About this exercise – A copy of the listing below is needed, exact in every line and without images.

Start of Information shown

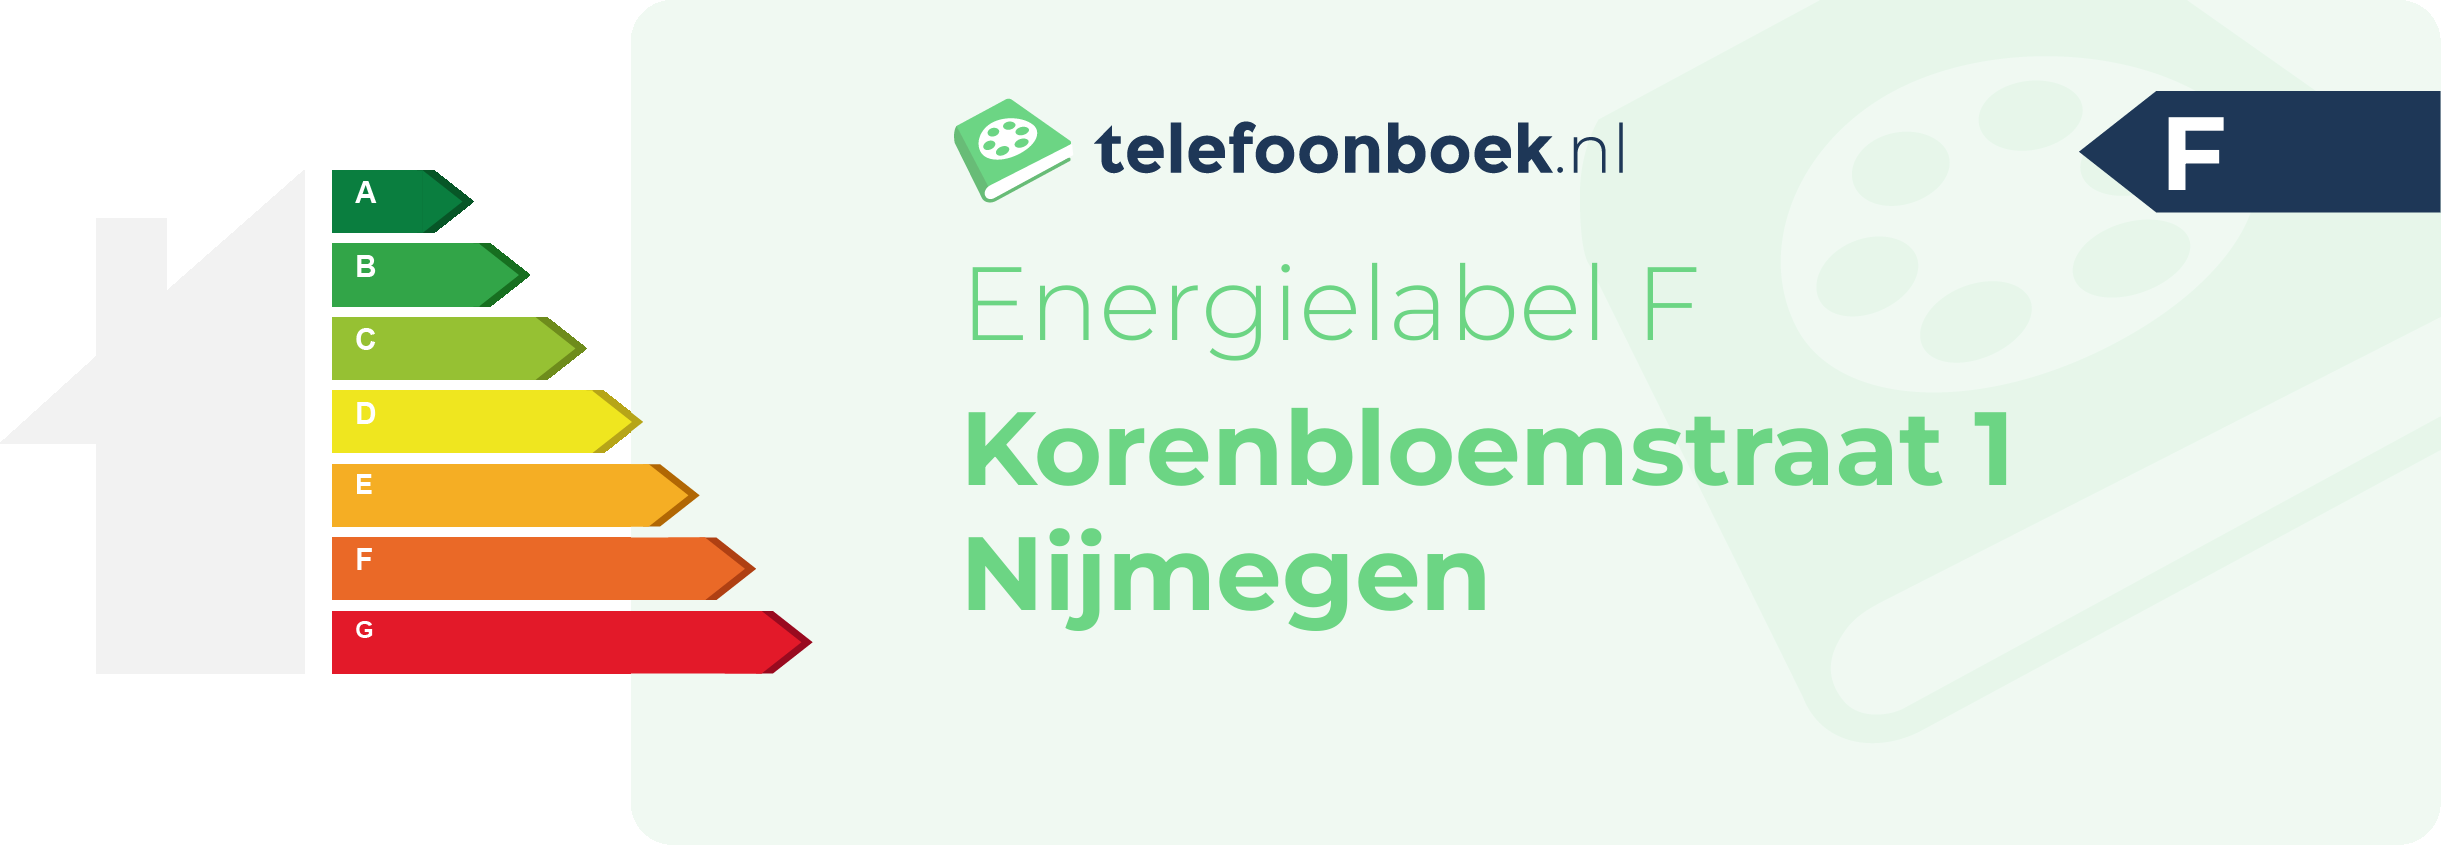 Energielabel Korenbloemstraat 1 Nijmegen
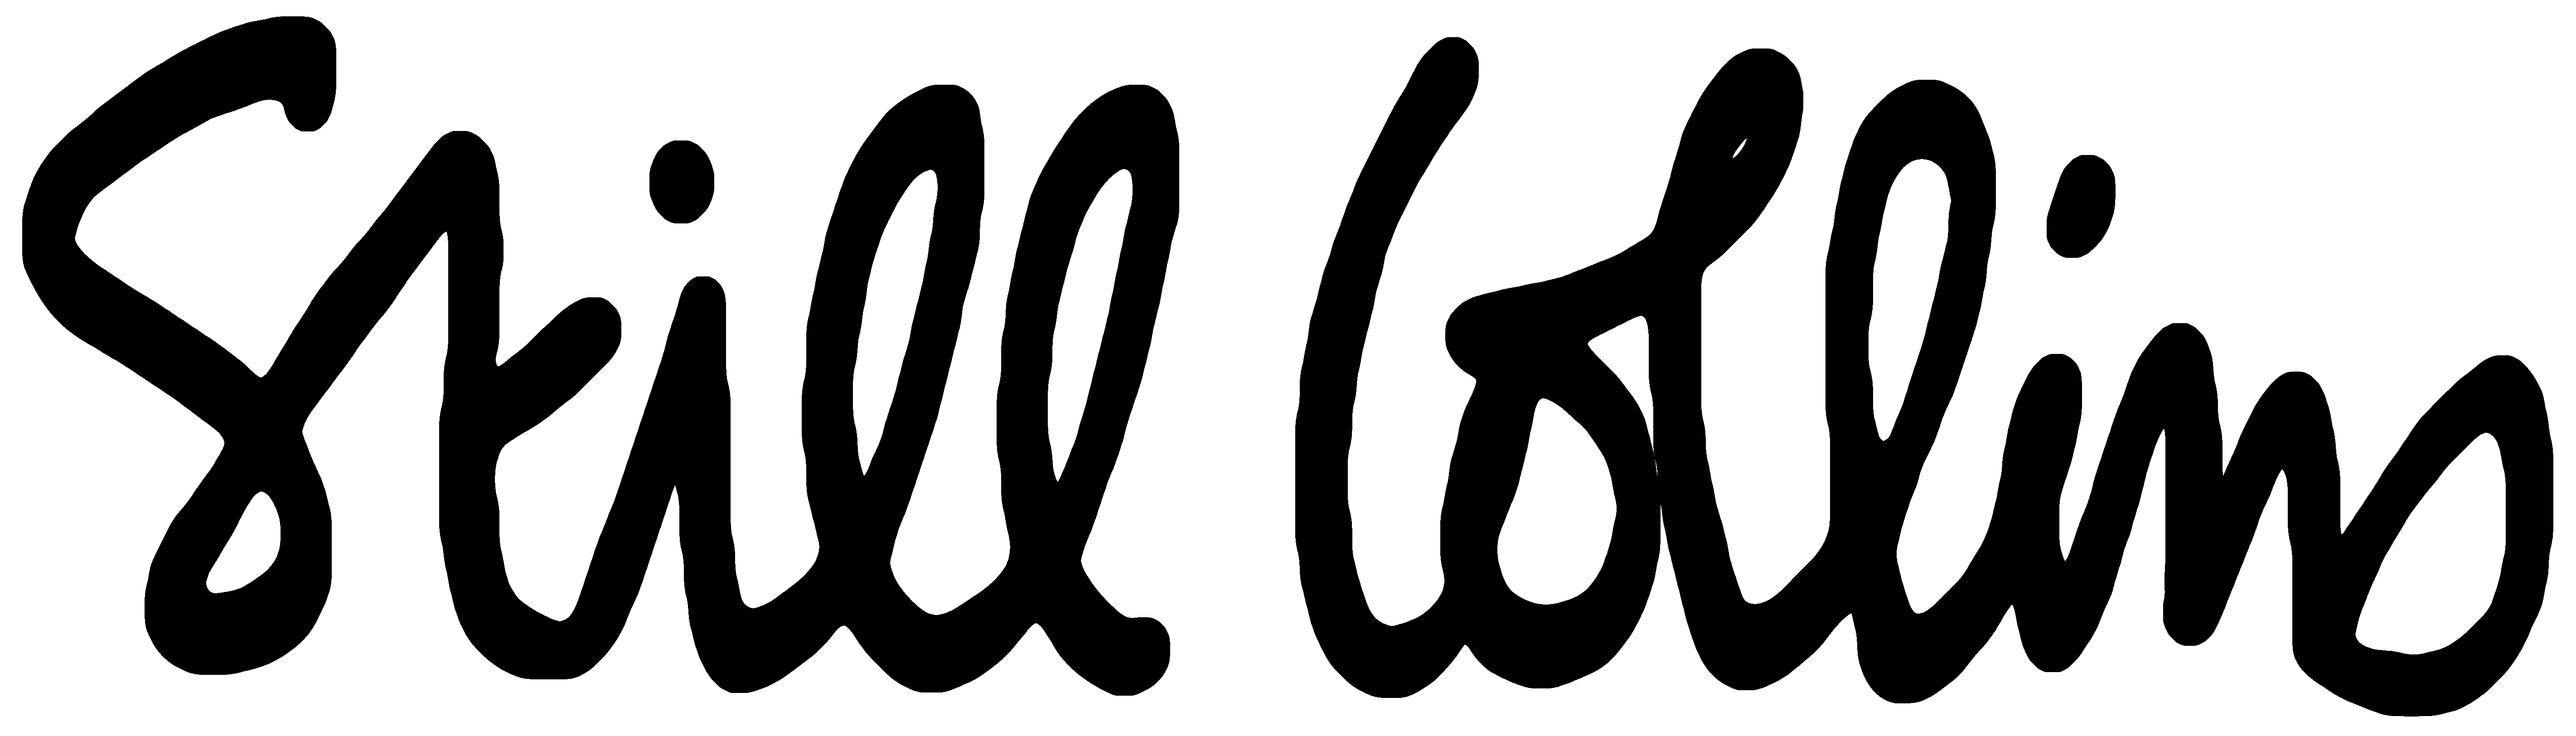 Collins Logo - File:Still collins logo.gif - Wikimedia Commons
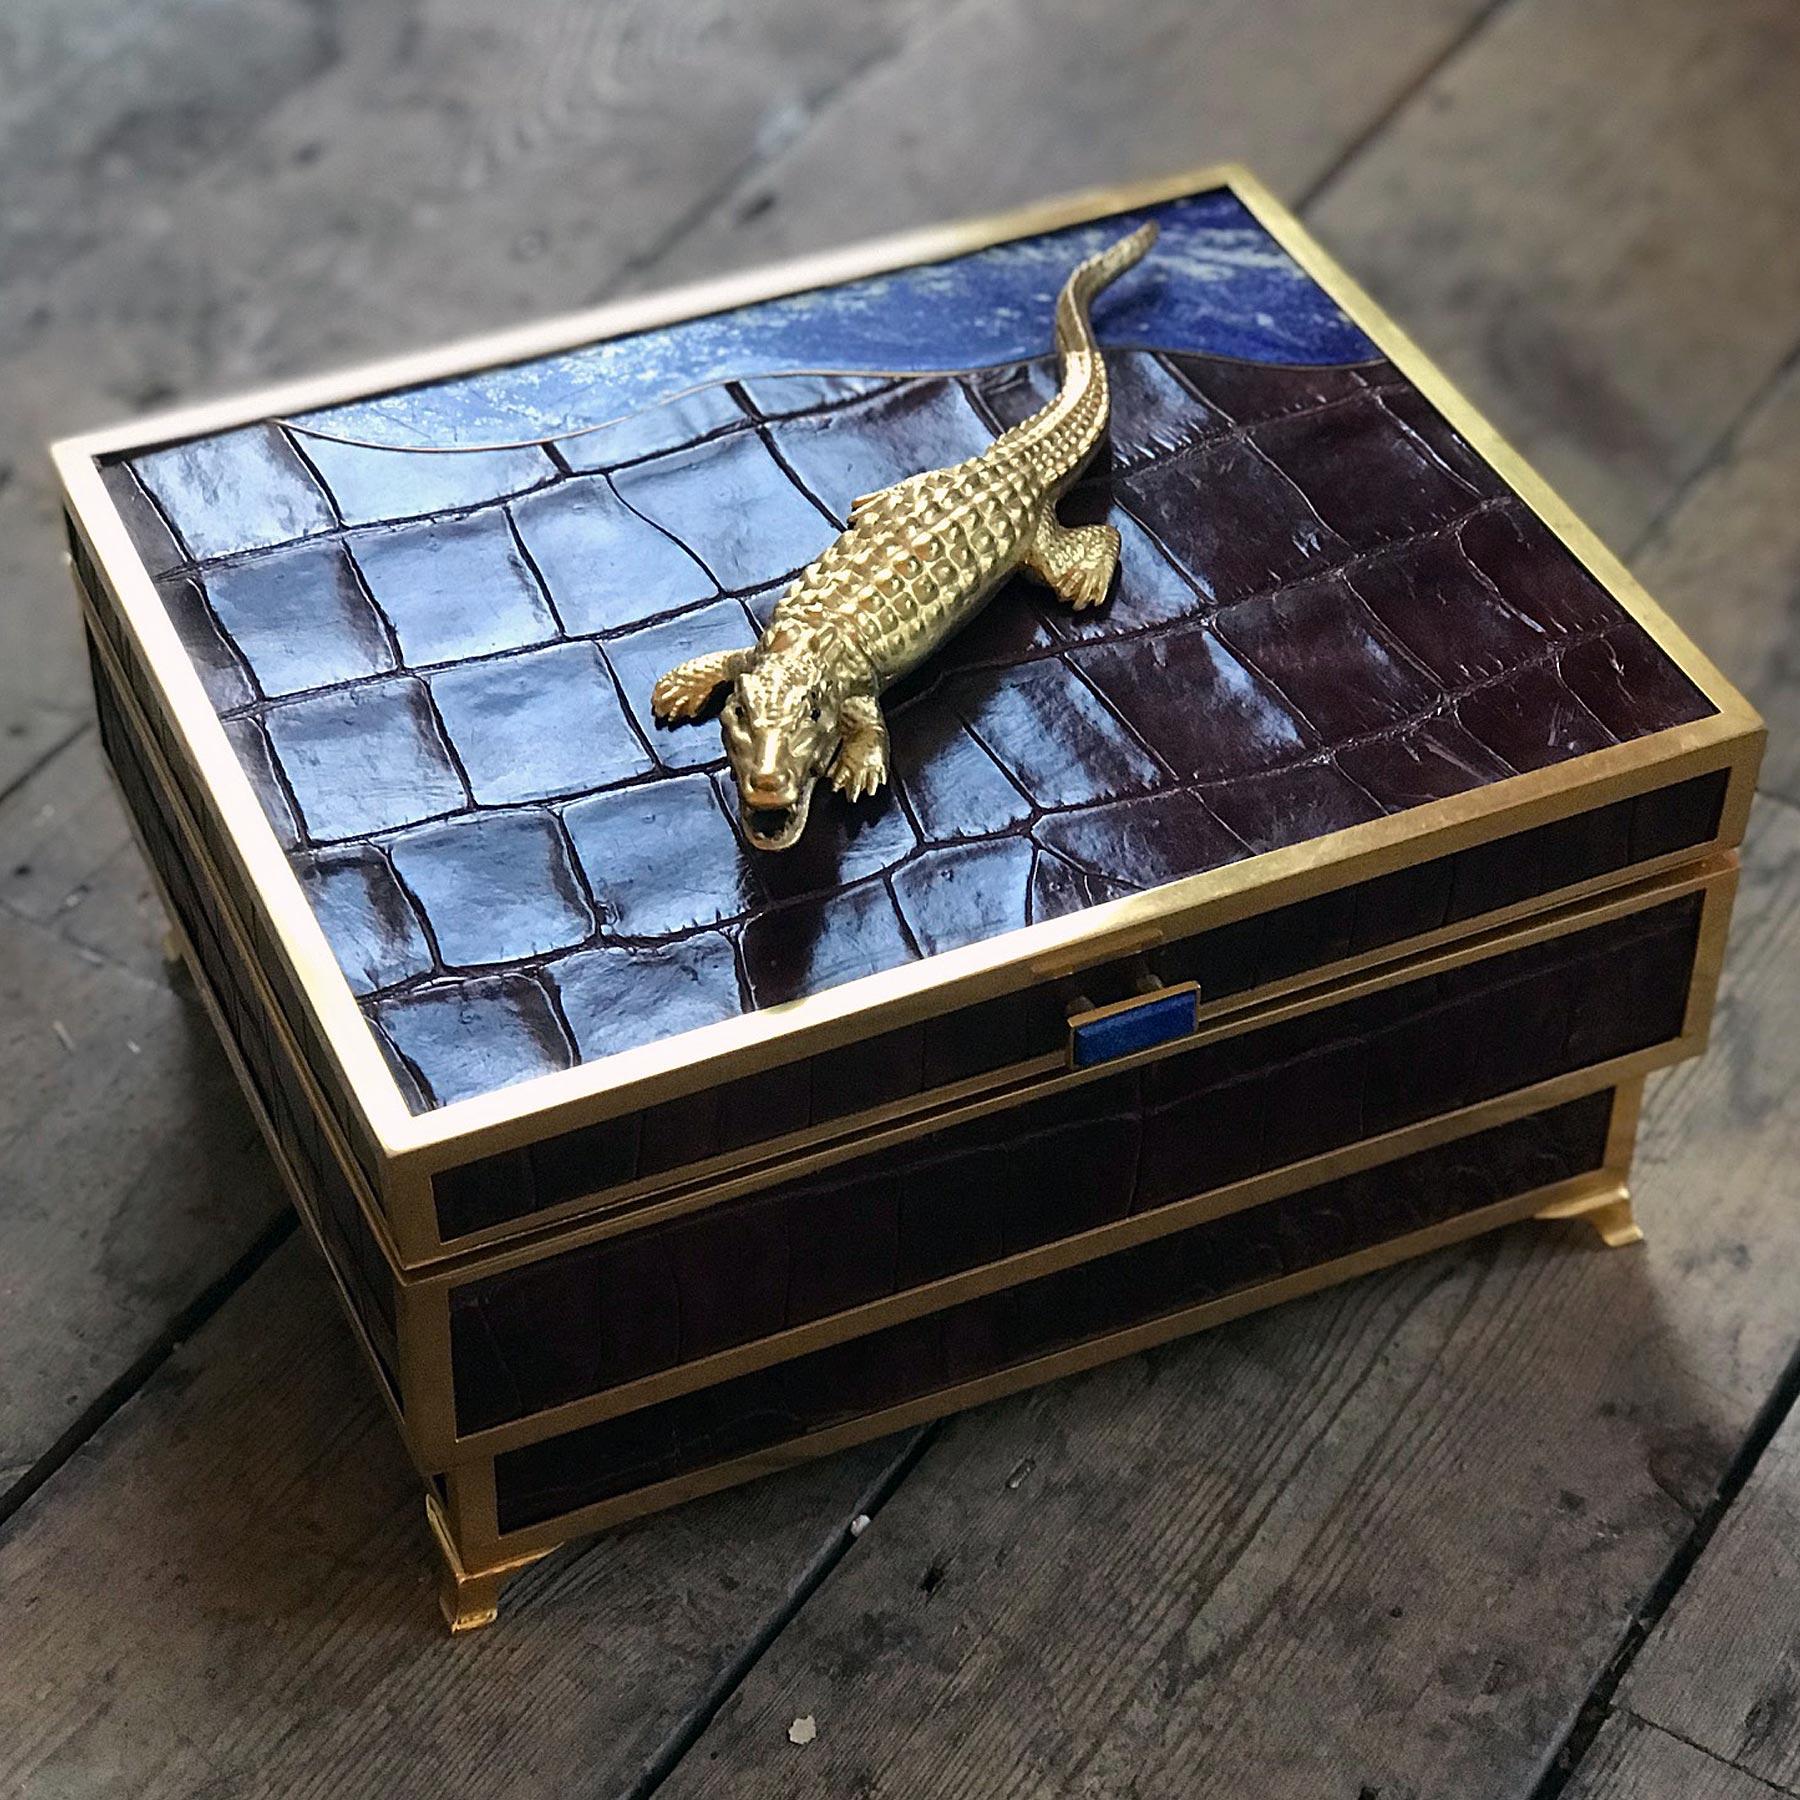 Ein beeindruckender Feuchtmittel von Glynn Lockett, der mit Krokodillederhaut und vergoldeten Beschlägen versehen ist.

Die Oberseite ist mit einem Krokodil mit Saphiraugen verziert, neben einer wellenförmigen Lapislazuliplatte, die einen Fluss

End of Information shown

Response –
 Energielabel Korenbloemstraat 1 Nijmegen
 Collins Logo - File:Still collins logo.gif - Wikimedia Commons
 Ein beeindruckender Feuchtmittel von Glynn Lockett, der mit Krokodillederhaut und vergoldeten Beschlägen versehen ist.

Die Oberseite ist mit einem Krokodil mit Saphiraugen verziert, neben einer wellenförmigen Lapislazuliplatte, die einen Fluss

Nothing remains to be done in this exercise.